Watch out, people - the "real world" is continuously lurking and we'd best be careful.
For those of you not in the know, the "real world" is some fantastical place that students have never been to. It exists, sure, in some vague way that is beyond our limited sensory ability, and it is something older people truck out when they have no argument.
"It's alright, son, when you're in the real world you'll understand."
Thanks, pops. That was insightful, delightful, to the point and full of explanation. I sincerely believe you now.
No! Honestly!
The "real world" is basically a full-time job for a living, from what I can deduce, and the majority of students have never done that.

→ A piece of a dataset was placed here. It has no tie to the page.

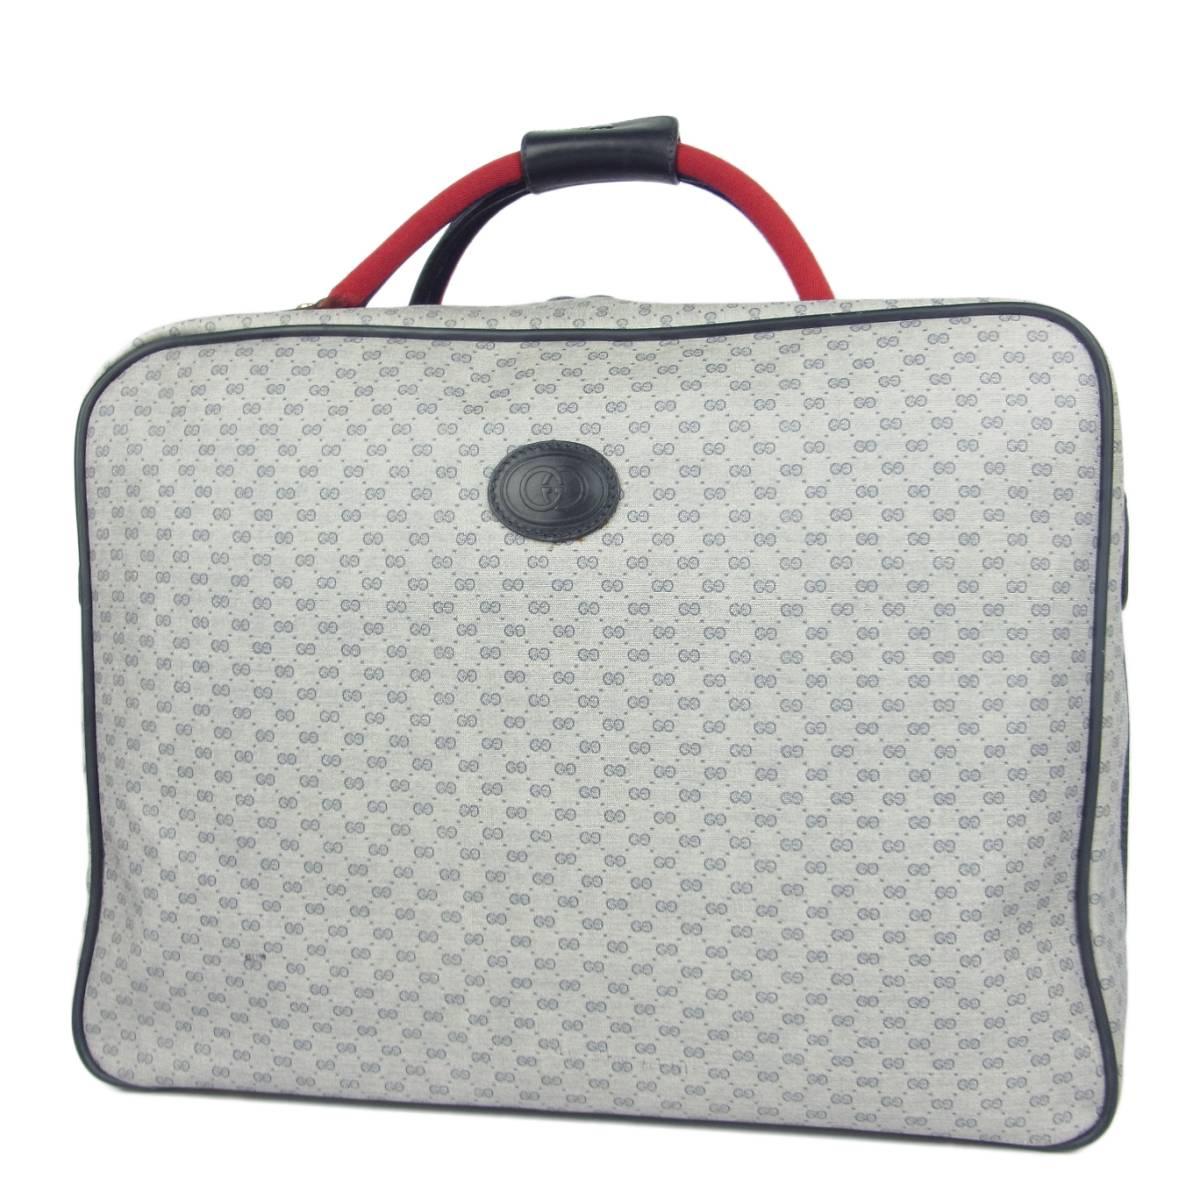 1円 オールド グッチ GUCCI ヴィンテージ 美品 マイクロGG シェリー PVC スーツケース トランク ハンドバッグ 旅行かばん
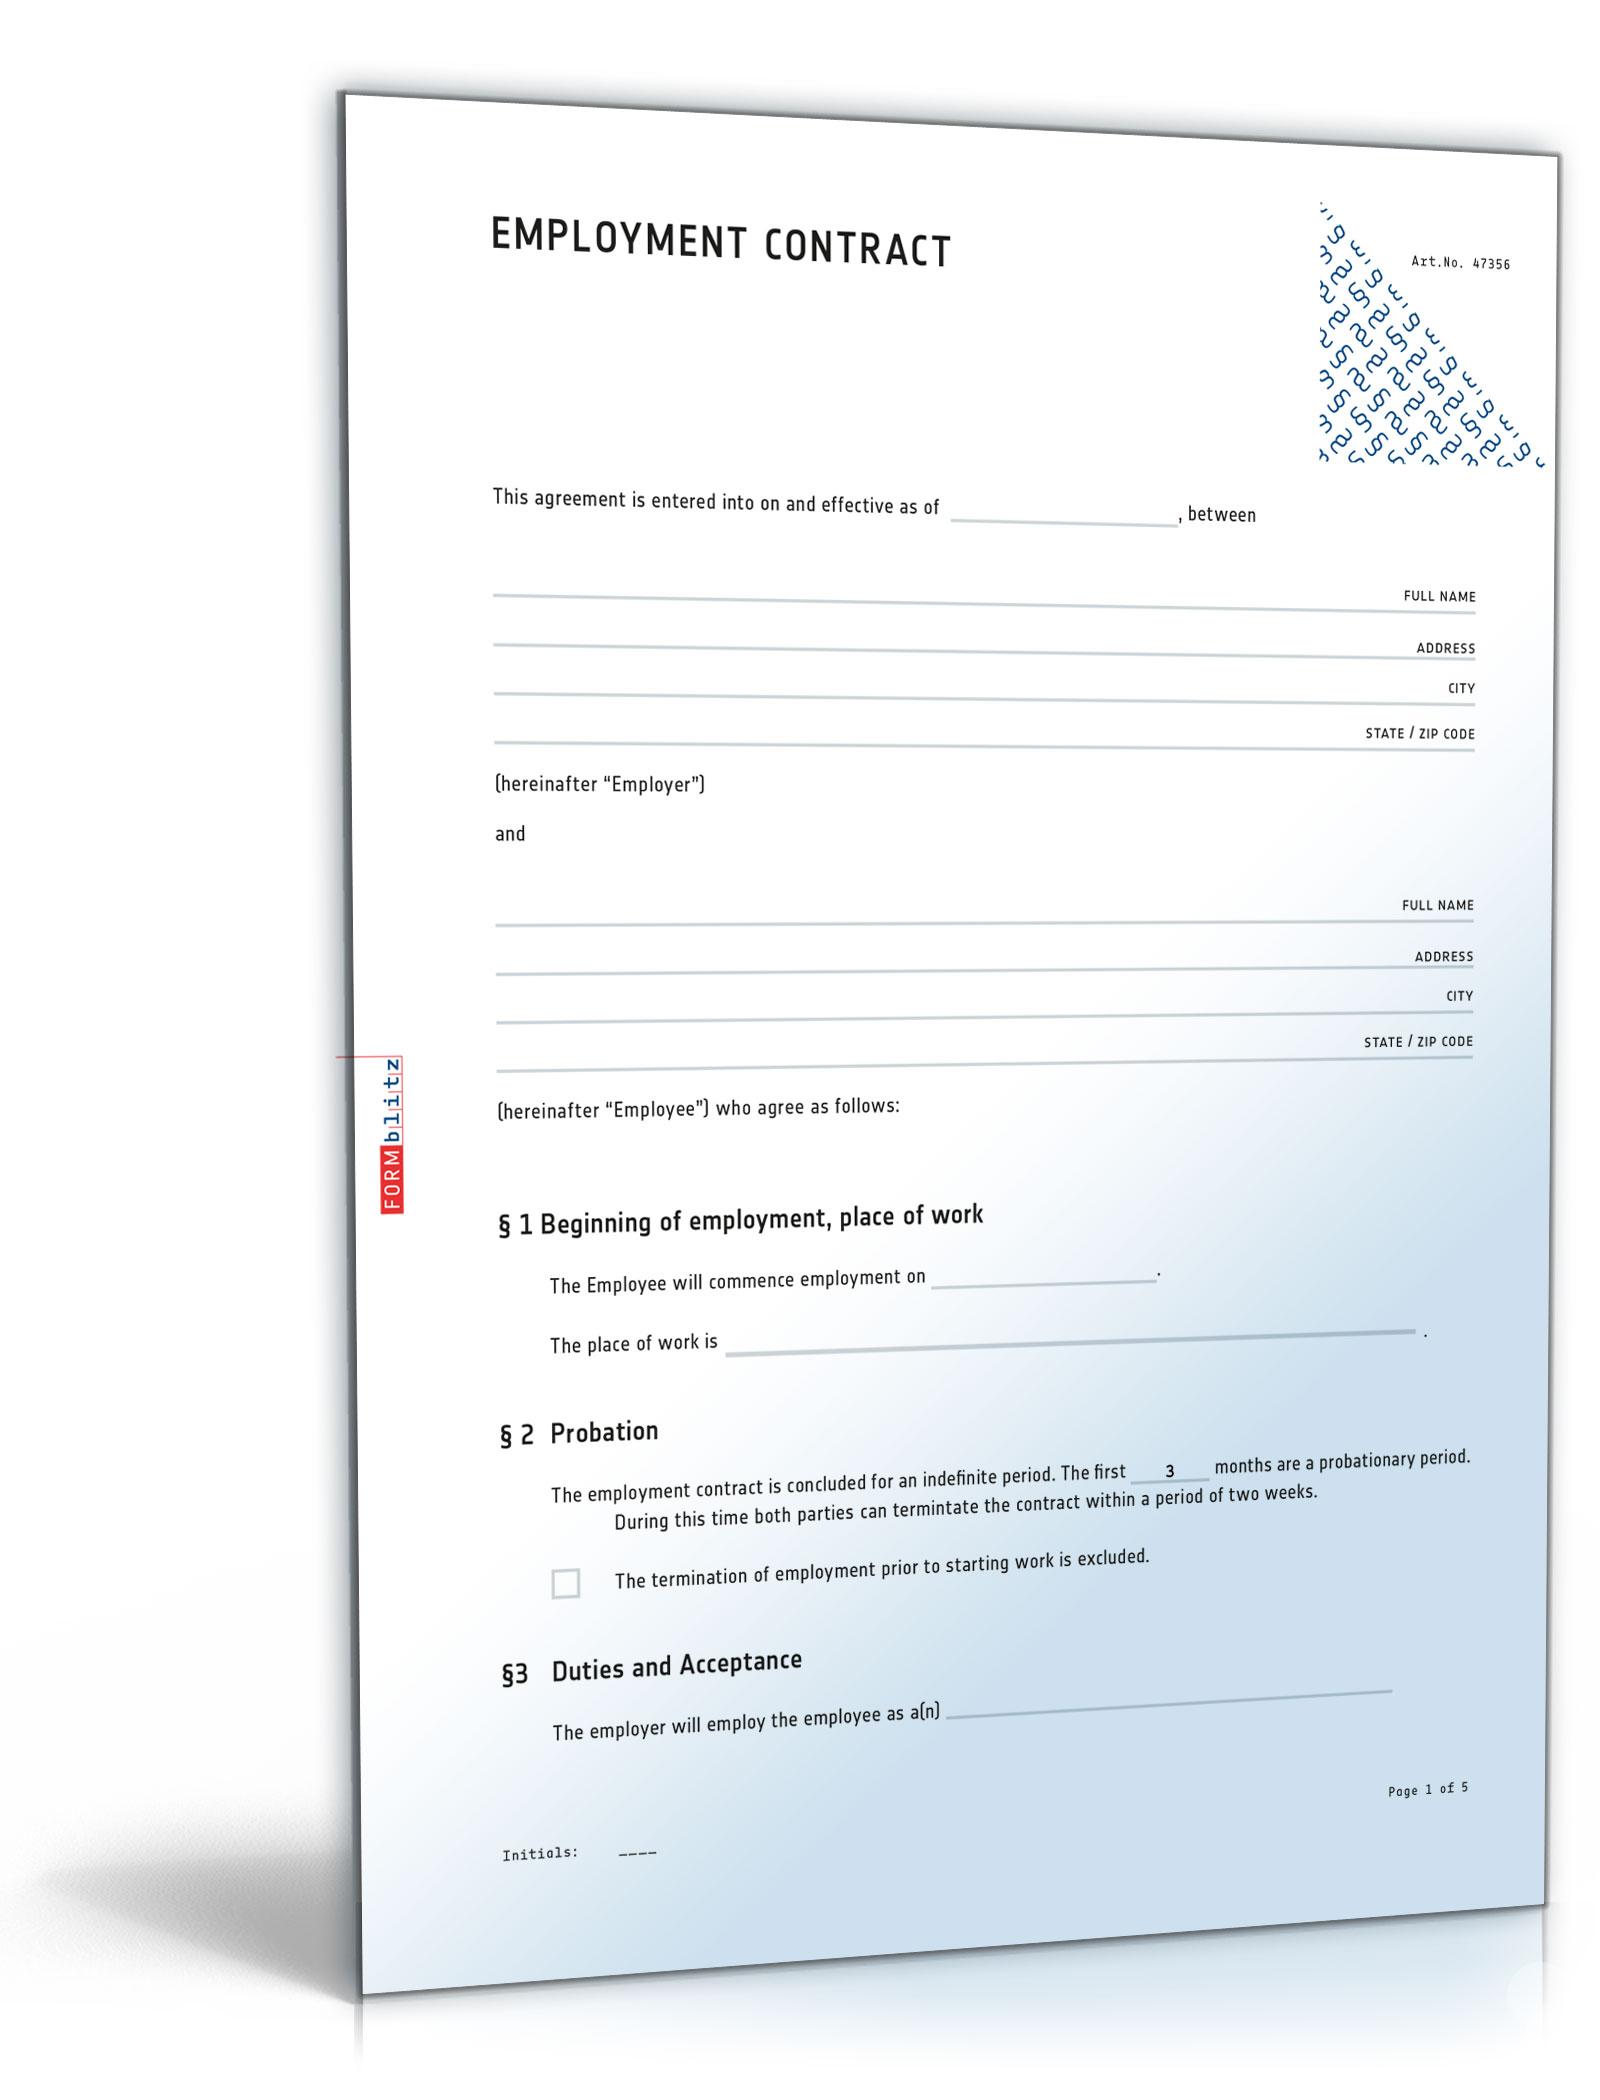 Arbeitsvertrag Mit Englischer übersetzung De Vertrag Download

I have, and let me tell you that it really wasn't that informative. Taxes, housing and bills are all things lots of students already pay for from a variety of sources.
What else has the "real world" to teach us, pops? Apparently, it's that as you get older you get narrow-minded and the world should never change. God knows how the "real world" dealt with the abolishment of slavery, introduction of the telephone and Arnold Schwarzenegger - all changes from some fictional norm.
The real world (note the lack of quotation marks) consists of roughly 6 billion people living in all manner of lifestyles. From the Serengeti to the Sahara to the Savannah River, humanity has a very large real world.
The best place to learn about the real world is at university. I respect Bell South immensely for its role, but being a telephone line repairman is the tiniest sliver of the real world one can imagine, despite the fact that people make a living out of it.
Then again, learning Farsi, C++ or being an expert on logical fallacies produced by journalists are also all part of the real world, whether you have a job related to them or not.
Going to university is not preparation for the real world because we are already in it. Lessons on responsibility are vital to learn, but that's about being an adult, not living in that mythical "real world" inhabited only by crotchety gits. Stupidity happens to everyone all the time - ask Mel Gibson or Michael Richards - regardless of how old you are or what you do.
University is also not a job, like some people assume. Instead, perhaps students hold a special niche in the real world: that of educating themselves to be better people first and for practical reasons second.
The vast majority of students will enter the job market with a varied collection of skills and, hopefully, knowledge on a jumble of topics ranging from philosophy to geology, and this is wonderful, whether they have worked for a living or not.
Because students, after all, are part of the real world as much as anyone else.